Sightsong

自縄自縛日記

西村祐子『革をつくる人びと』

2017-09-30 10:59:10 | もろもろ

西村祐子『革をつくる人びと 被差別、客家、ムスリム、ユダヤ人たちと「革の道」』(解放出版社、2017年)を、クアラルンプールにいる間に読了。

わたしも革が人並み以上に好きである。しかし、日本において被差別の人びとが革を扱っていたことは知っていても、他国でどうなのかについては考えたこともなかった。また、なめしの方法についてもほとんど知らなかった。本書を読むと革のあれこれに興味がわいてくる。

イスラム圏では昔から皮の需要がとても高い。イベリア半島にもイスラム教時代にユダヤ人やムーア人の革職人たちが移り住み、イスラム教が去ったあとも文化として根付いた。また、東南アジアや南アジアには、中国華南地方の客家の人たちがディアスポラとして進出し、やはり革の仕事を手掛けていった。両者ともに、地域や同胞の横の関係がなければ成り立たなかった。ここには簡単でない歴史があるものの、日本のように政策的な差別構造があったわけではないことがわかる。

現在のなめしはクロムを使うことが一般的である。樹皮の渋から得られるタンニンを使う方法もあるが、工程が複雑で、時間がかかる。しかし、かつての日本ではそのいずれでもなかった。新しいクロムなめしは置いておいても、なぜ明治期に入ってきたタンニンなめしが広まらなかったのか。設備と場所をとることに加え、ここに登場する職人によれば、森林の国において大量の伐採につながることはできなかったのだという。検証されていることかどうかわからないのだが、面白い視点だ。

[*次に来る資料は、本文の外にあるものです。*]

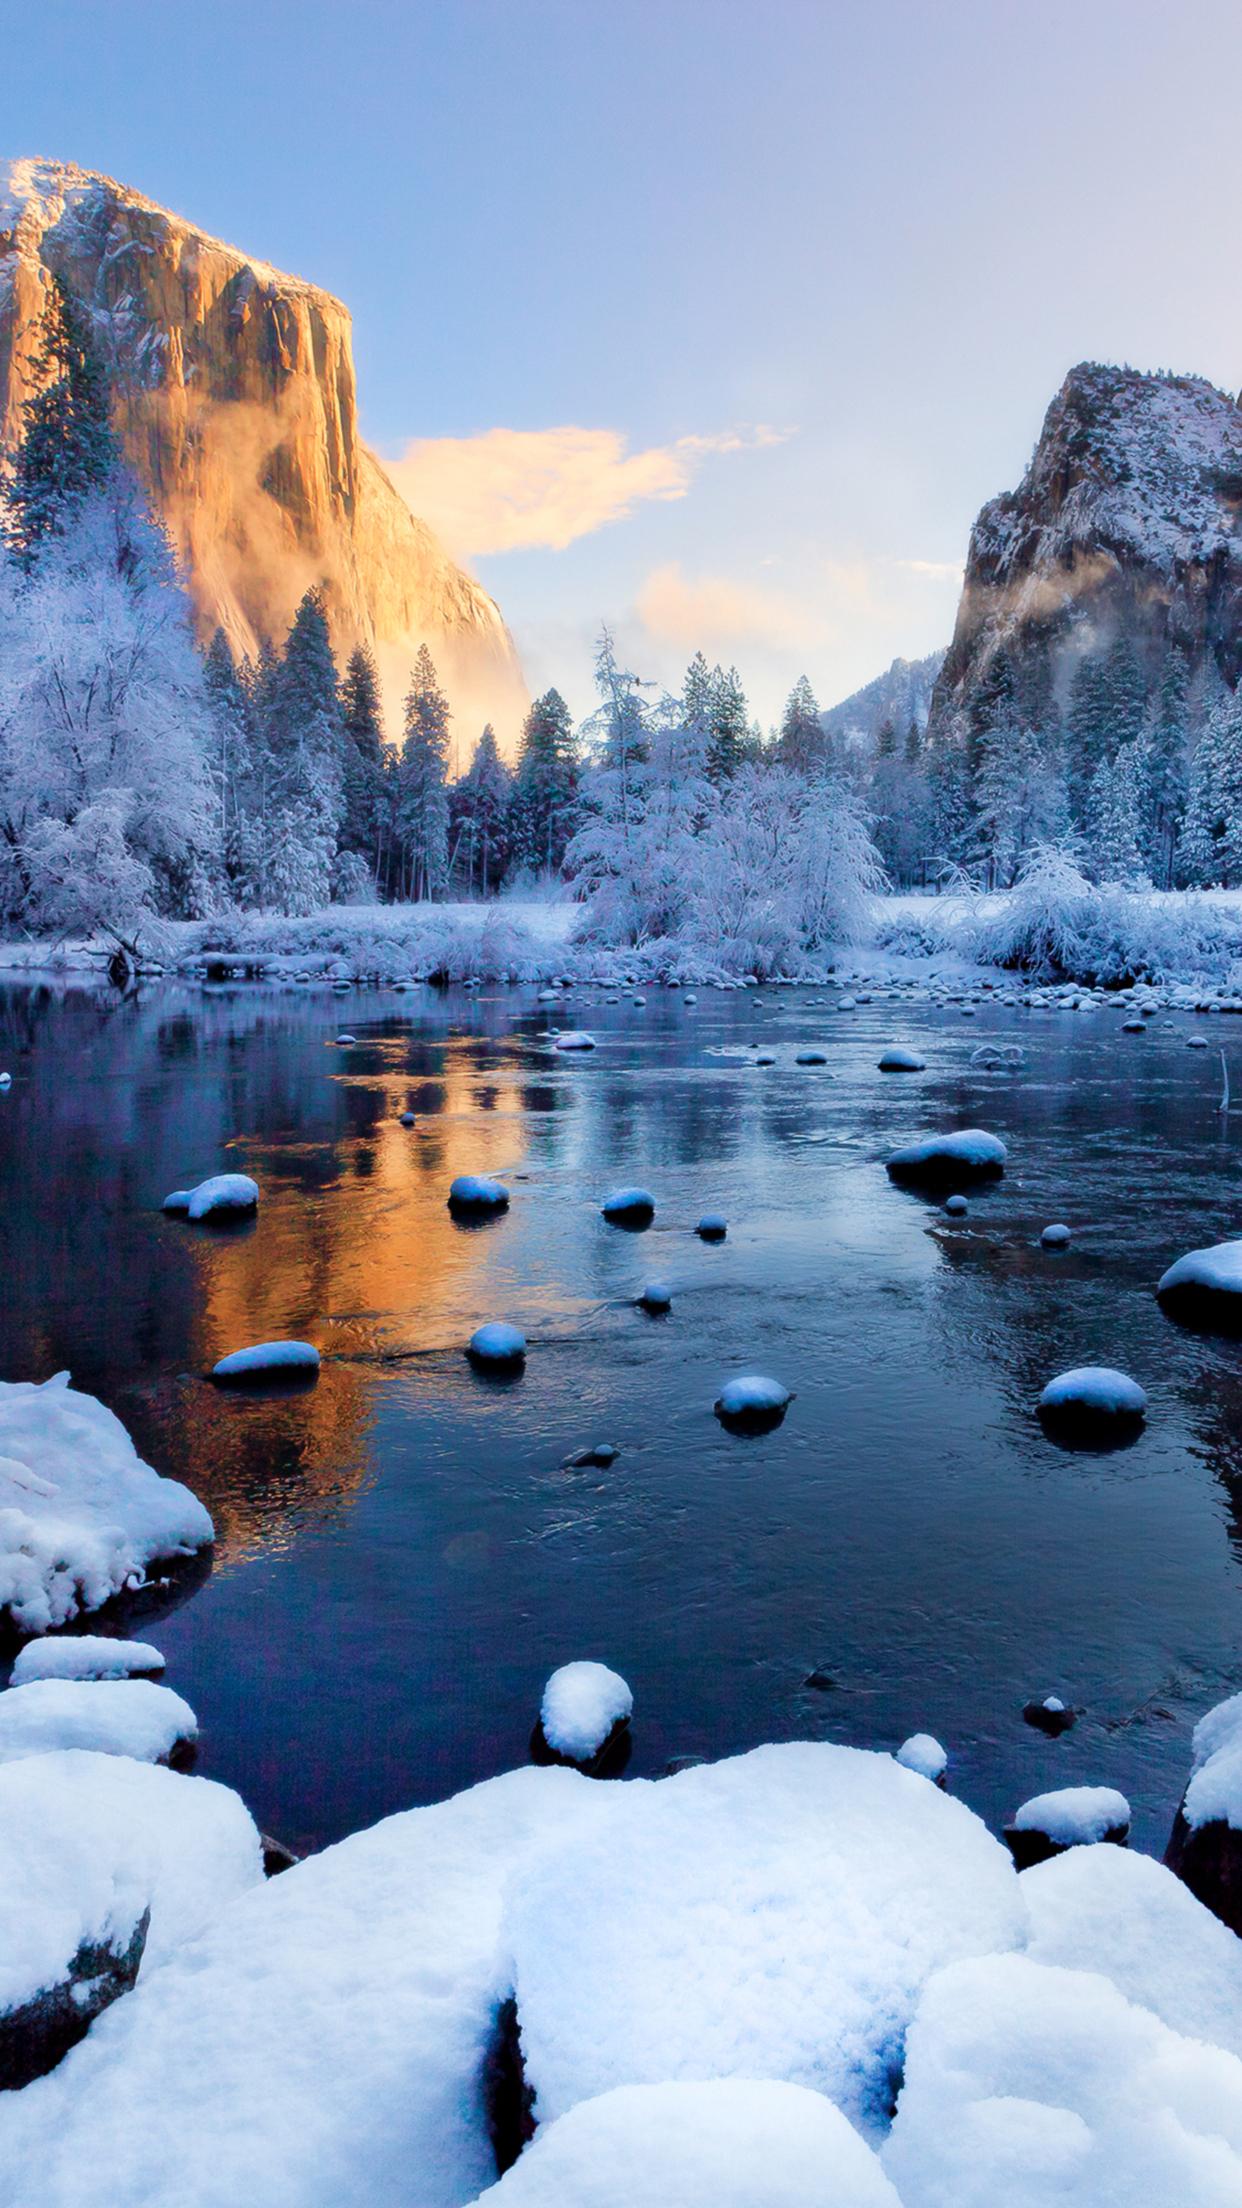 Yosemite Park 2 Wallpaper For Iphone X 8 7 6 Free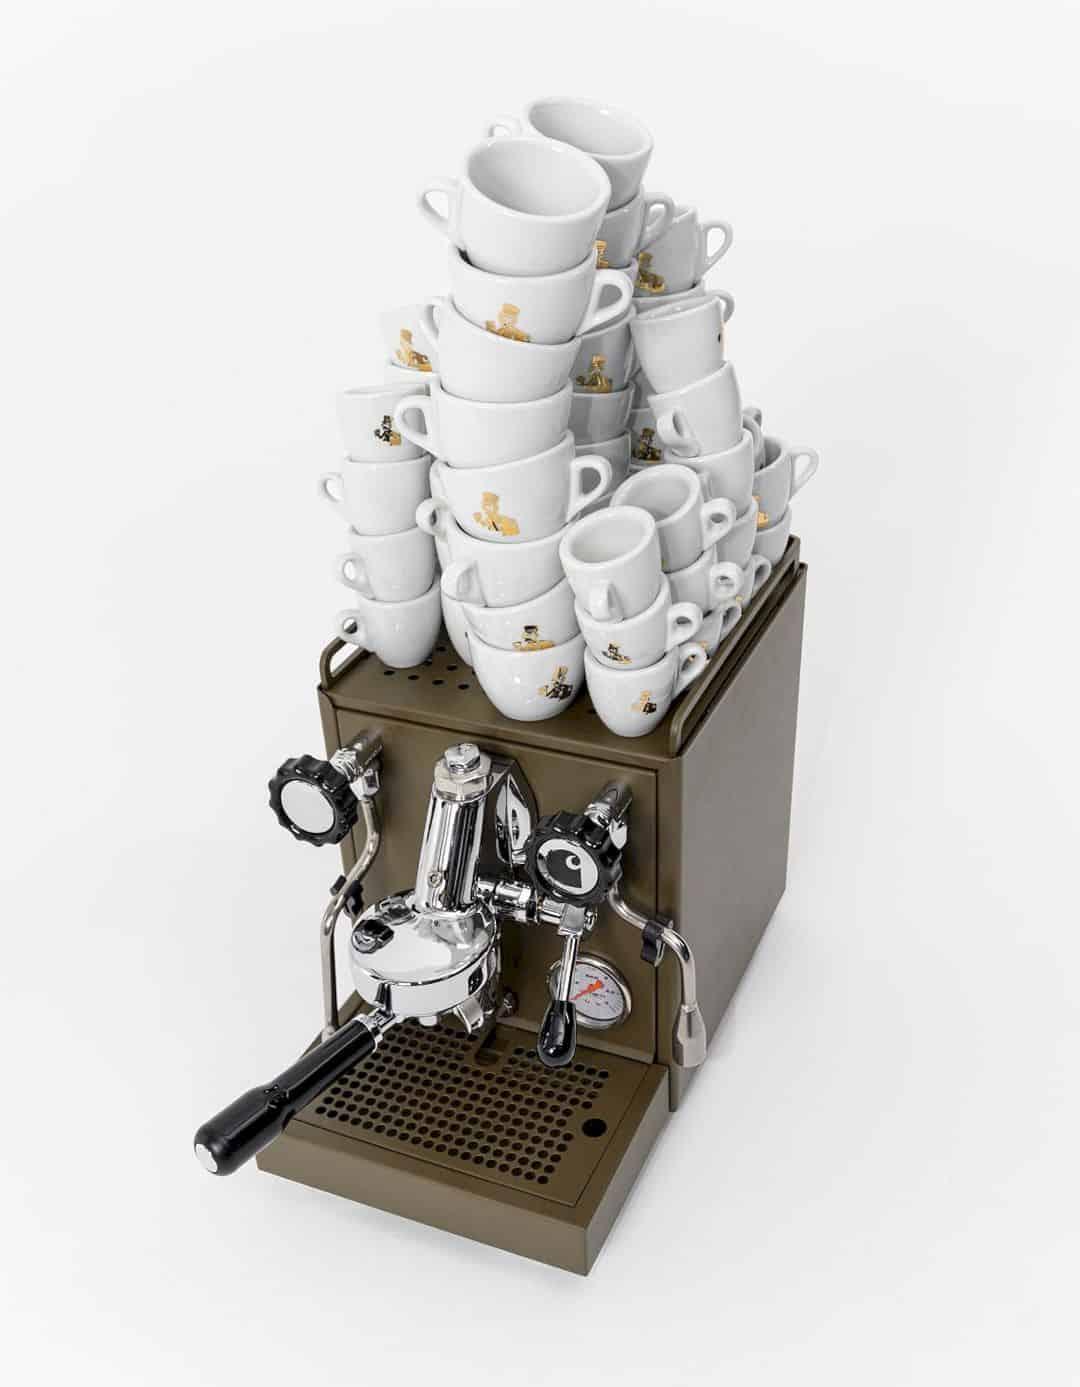 Carhartt WIP X Rocket Espresso Milano 3

日本でかつて主流だった方法とは、白なめしである。川にしばらく漬けたあとに脱毛し、塩と菜種油をすりこみ、足で何百時間も踏んで柔らかく、また強靭にする。菜種油は虫が付かないようにするための選択でもあった。この中心地が姫路である。また、姫路は馬の尻から取れるコードヴァンで有名でもある。

本書には、こうした伝統を受け継ぎ新しいことを始めようとする人たちが何人も登場する。なるほど、それでこその文化なのだなと思える。

ところで長いこと使った長財布を新調しようかなと思っていたのだが、本書を読んだいま、買うべきか、年季がかなり入っていてもまだまだ使い続けるべきか、また別の悩みが出てきている。